À primeira vista, o roteiro de Fábia em “Quem Ama Cuida” parece seguir a cartilha tradicional de um melodrama. Uma mulher que buscou no casamento a garantia de uma vida sem grandes percalços. No entanto, sob o olhar de Flávia Alessandra, 52, responsável por sua interpretação, a personagem escapa da armadilha do estereótipo superficial.
Por trás das roupas marcantes, da maquiagem impecável ou até mesmo do rótulo reducionista de “esposa-troféu”, esconde-se uma figura mais complexa, marcada por contradições, ambição e clara dinâmica de poder dentro do lar. Na trama de Walcyr Carrasco e Claudia Souto, a relação com o marido, Ulisses, vivido por Alexandre Borges, 60, é o verdadeiro pilar que sustenta essa história social e afetiva. Para a atriz, o relacionamento vai além do simples poder financeiro, desenhando-se como uma troca de conveniência e afetos reais.

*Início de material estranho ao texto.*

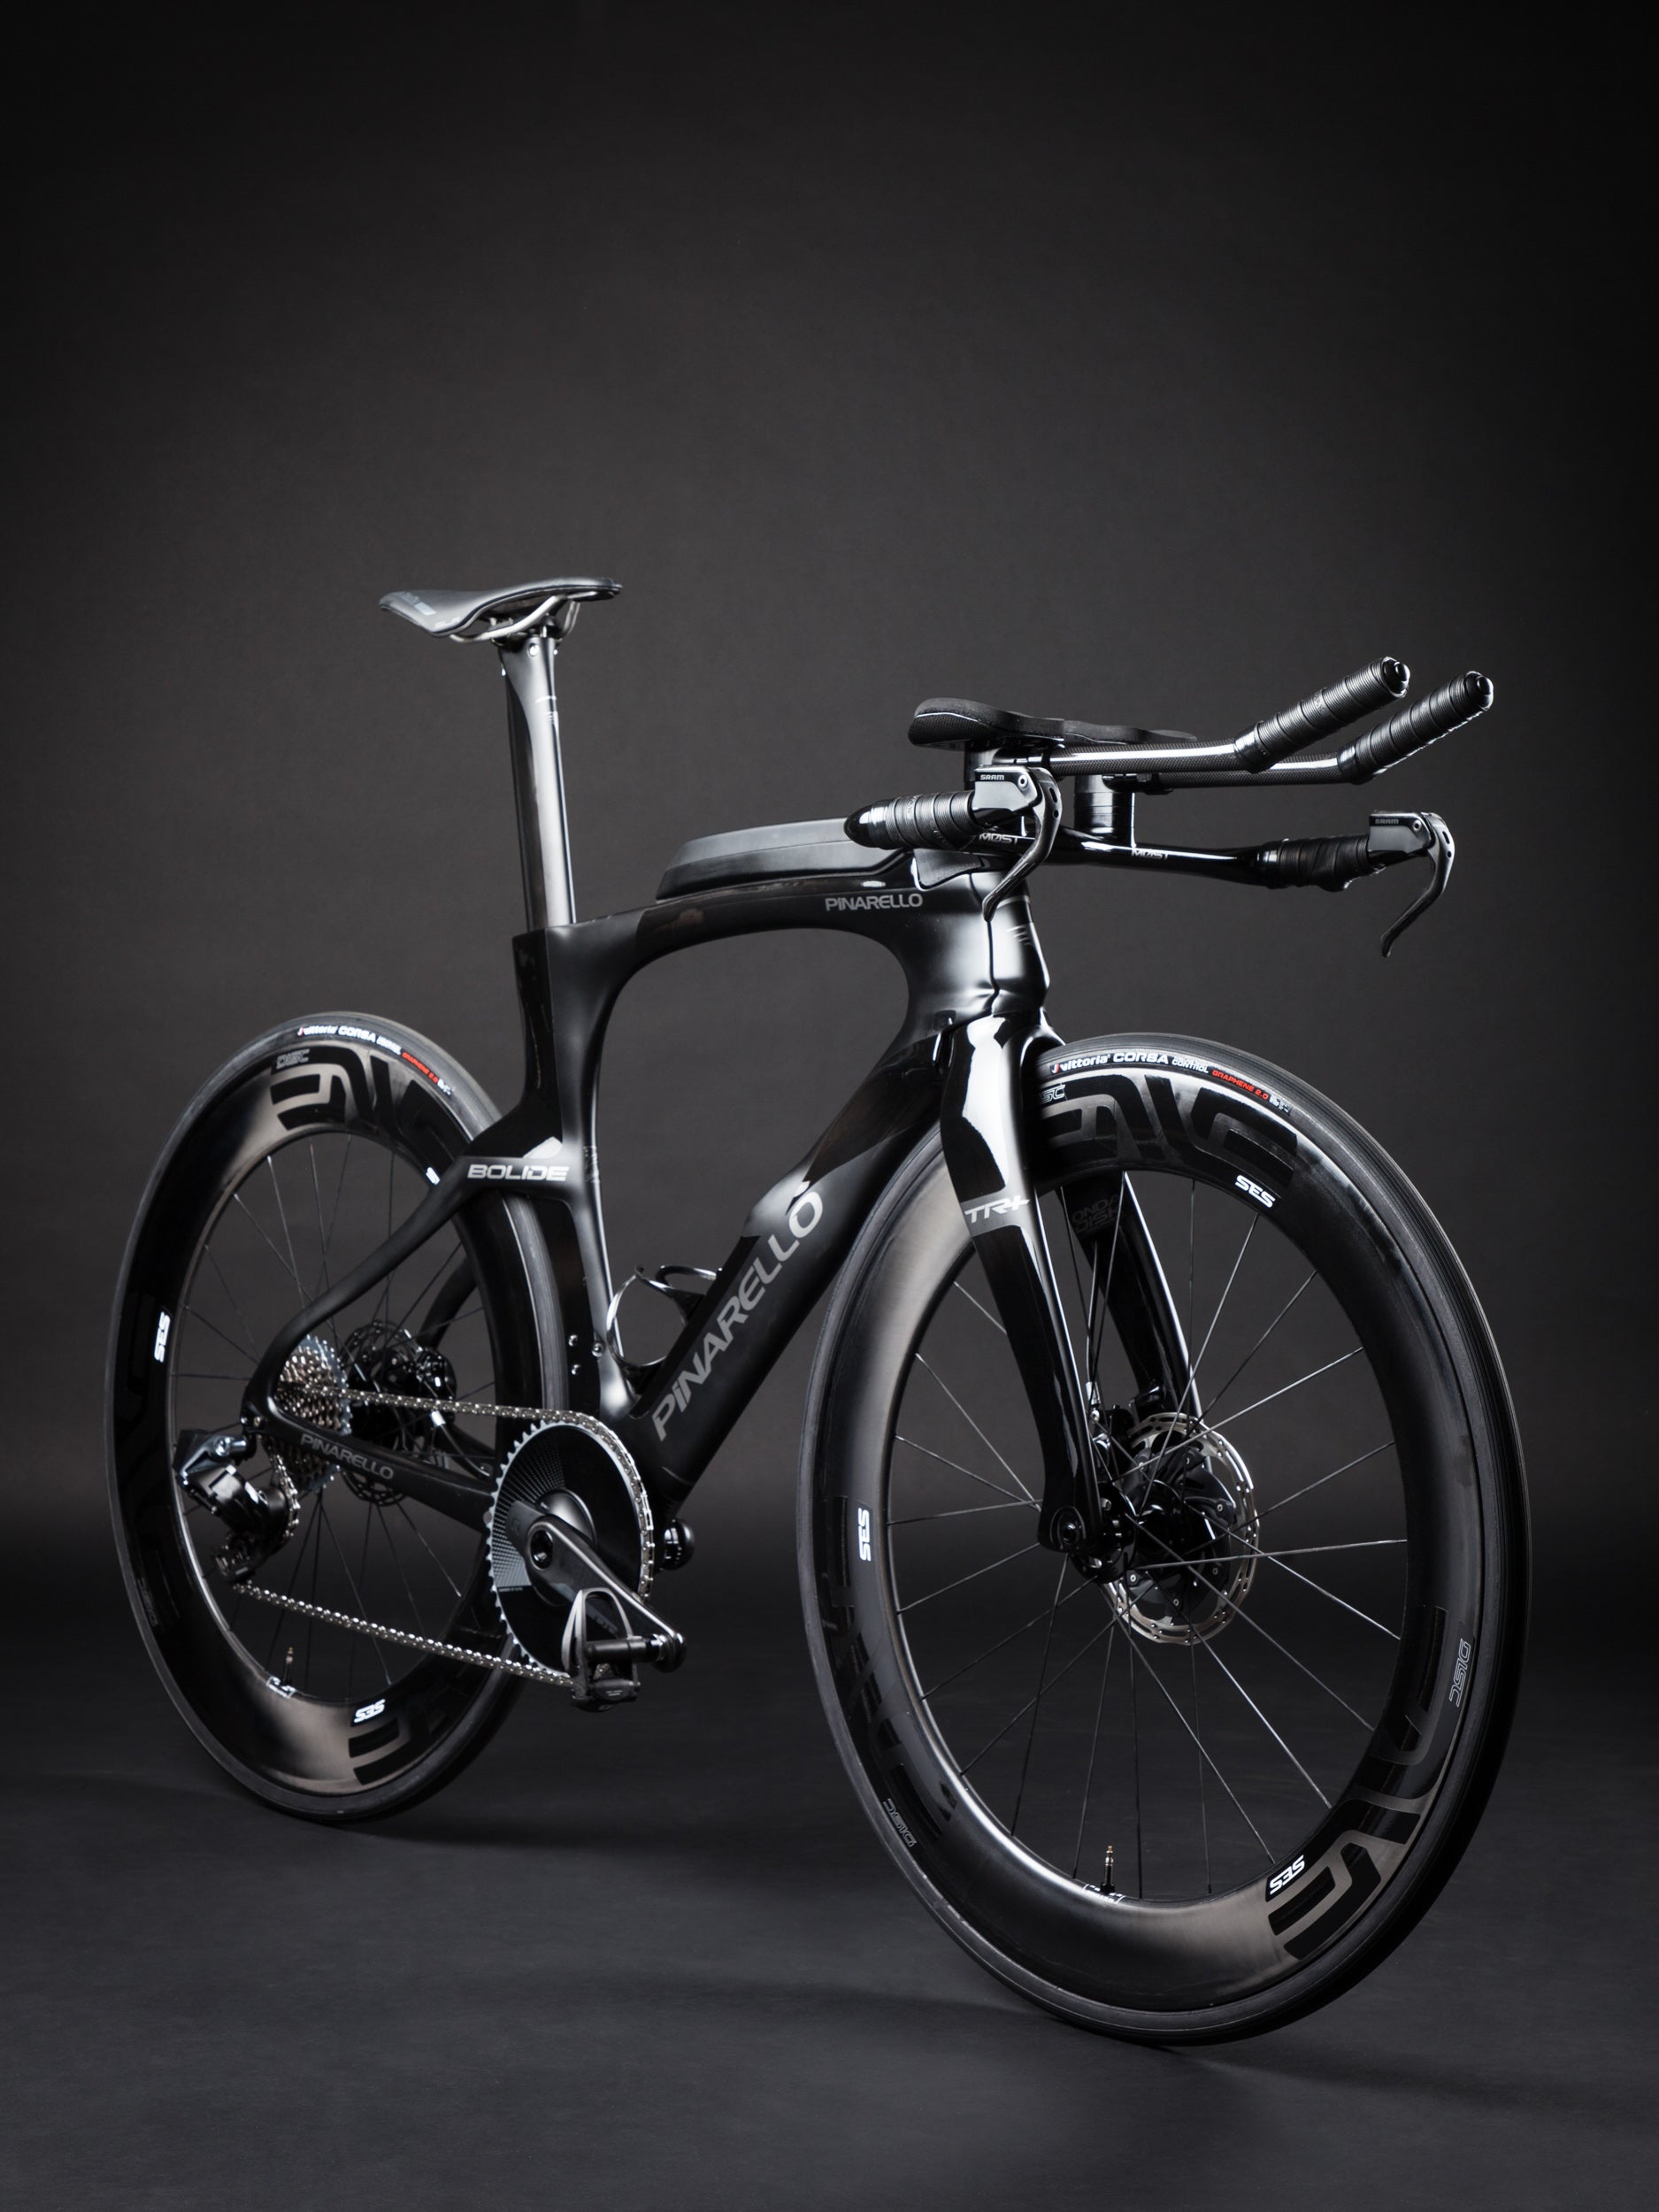 Gallery: A Blacked Out Pinarello Bolide

“A Fábia tem muitos mistérios no passado que ainda serão descobertos, mas a busca por estabilidade certamente foi um fator determinante. Ela ama o Ulisses, mas porque ele é o combo perfeito: dá o suporte financeiro que para ela é primordial — afinal, ela é uma mulher que custa caro e precisa de quem a banque —, mas também deu apoio emocional e assumiu o filho dela de outro relacionamento”, explica Flávia em entrevista à CNN Brasil.

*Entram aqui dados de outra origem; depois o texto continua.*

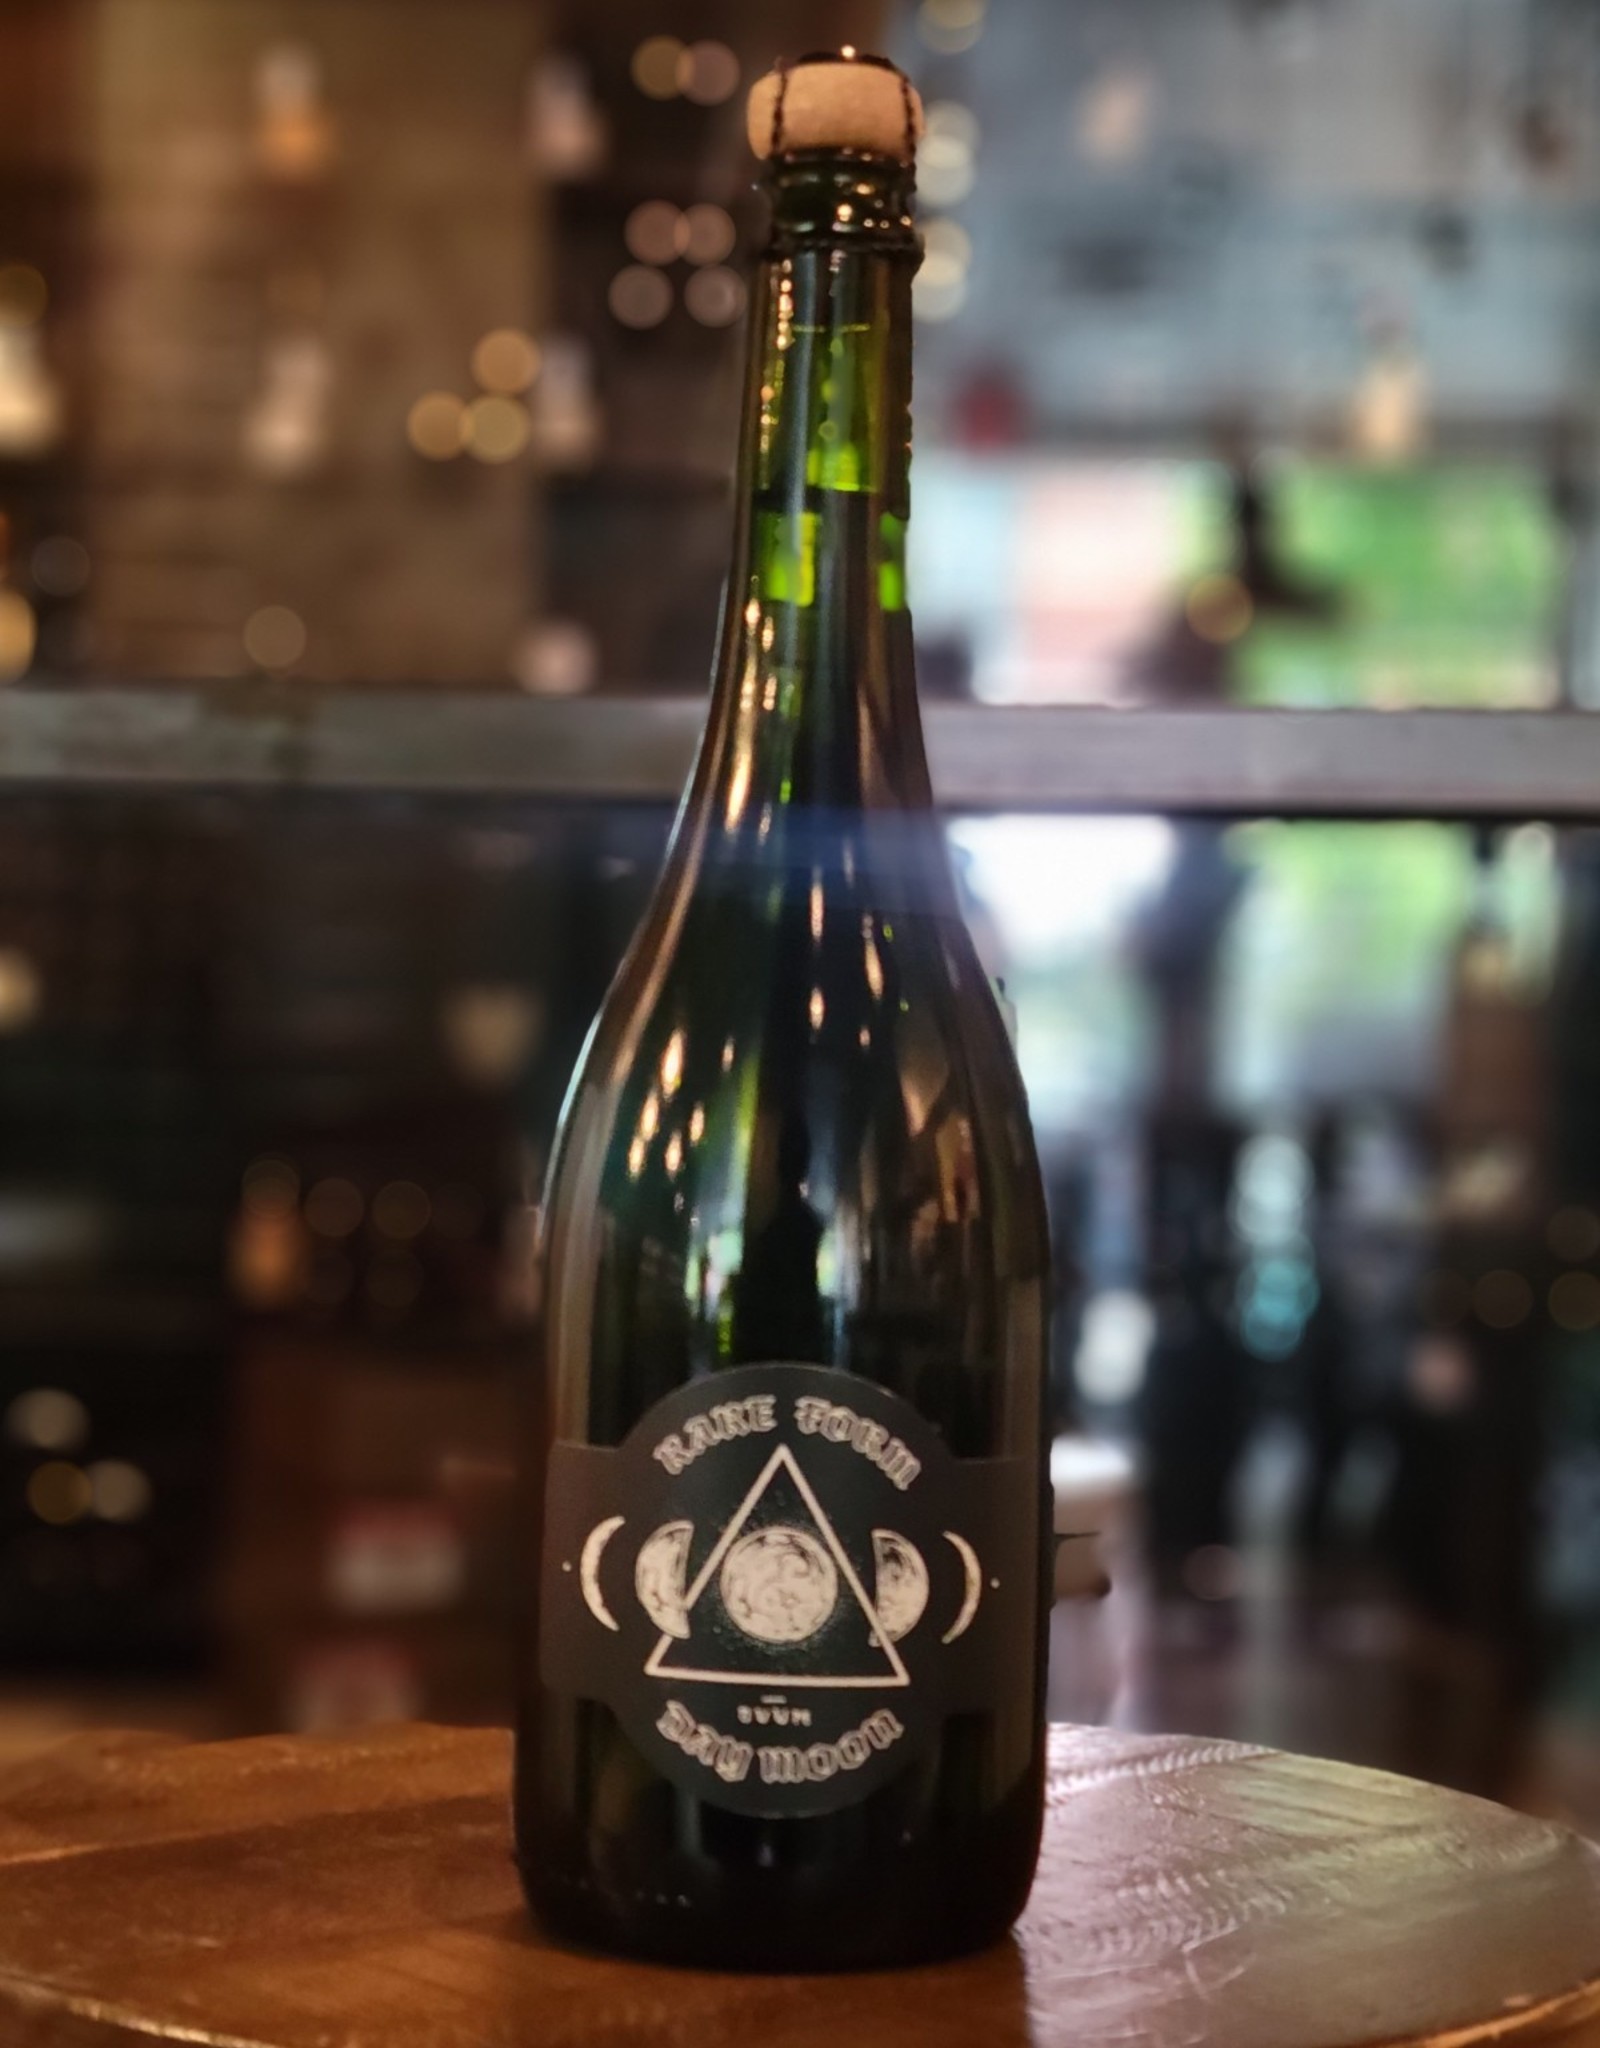 Ovum Rare Form:  Day Moon Riesling Brut Nature

“Mas há um contraponto muito interessante nesse núcleo: por mais que pareçam apenas peruas e dondocas, essas mulheres são muito fortes. São elas que dão as cartas, que tomam as decisões e comandam os lares nos bastidores”, acrescenta.
Uma personagem de camadas
Para dar tom a essa personalidade em constante estado de alerta, a construção cênica de Flávia apostou no uso contínuo de objetos de cena como válvulas de escape emocionais. A presença constante de um pirulito na boca, do chiclete ou do copo térmico não serve apenas como marca registrada que acompanha o figurino, mas como um sintoma físico de ansiedade que a consome.
O comportamento da personagem reflete a atmosfera de um núcleo familiar aparentemente perfeito, mas que é atravessado por vícios e disfunções – ainda que não ditas claramente. Enquanto o marido enfrenta compulsão oculta por jogos, Fábia canaliza suas lacunas para o consumo e a fixação oral.
“Eu vejo essa família com muitas disfunções subliminares. É o marido com o jogo e a Fábia com as compras e com essa compulsão oral de estar sempre bebendo, mastigando ou com um pirulito na boca. A gente criou esse hábito como um suporte emocional para os vazios e lacunas do passado dela”, detalha a atriz.
“Ela sabe que não está em um ambiente onde tudo é aceito, então o pirulito vira quase o ‘cigarrinho’ de apoio em momentos de tensão. Não é uma mulher em plena harmonia. Para quem entende de temas como ansiedade e compulsão, a mensagem já ficou muito clara”, adiciona.
A transição entre a futilidade escancarada e a revelação gradual dessas fragilidades tem sido o principal exercício dramático de Flávia Alessandra ao longo das gravações. Segundo a artista, o trunfo da escrita reside na capacidade de não entregar todas as cartas de uma vez, mantendo o público entre o riso e a empatia.
“Teoricamente, a Fábia é essa mulher fútil para a sociedade e para a família, mas ela carrega camadas internas que ainda vamos revelar. O meu grande desafio criativo a cada cena é entender que não posso entregar tudo de uma vez. Existe um limite no tempo dessa narrativa. É um equilibrar de pratos desafiador, mas fascinante”, conclui.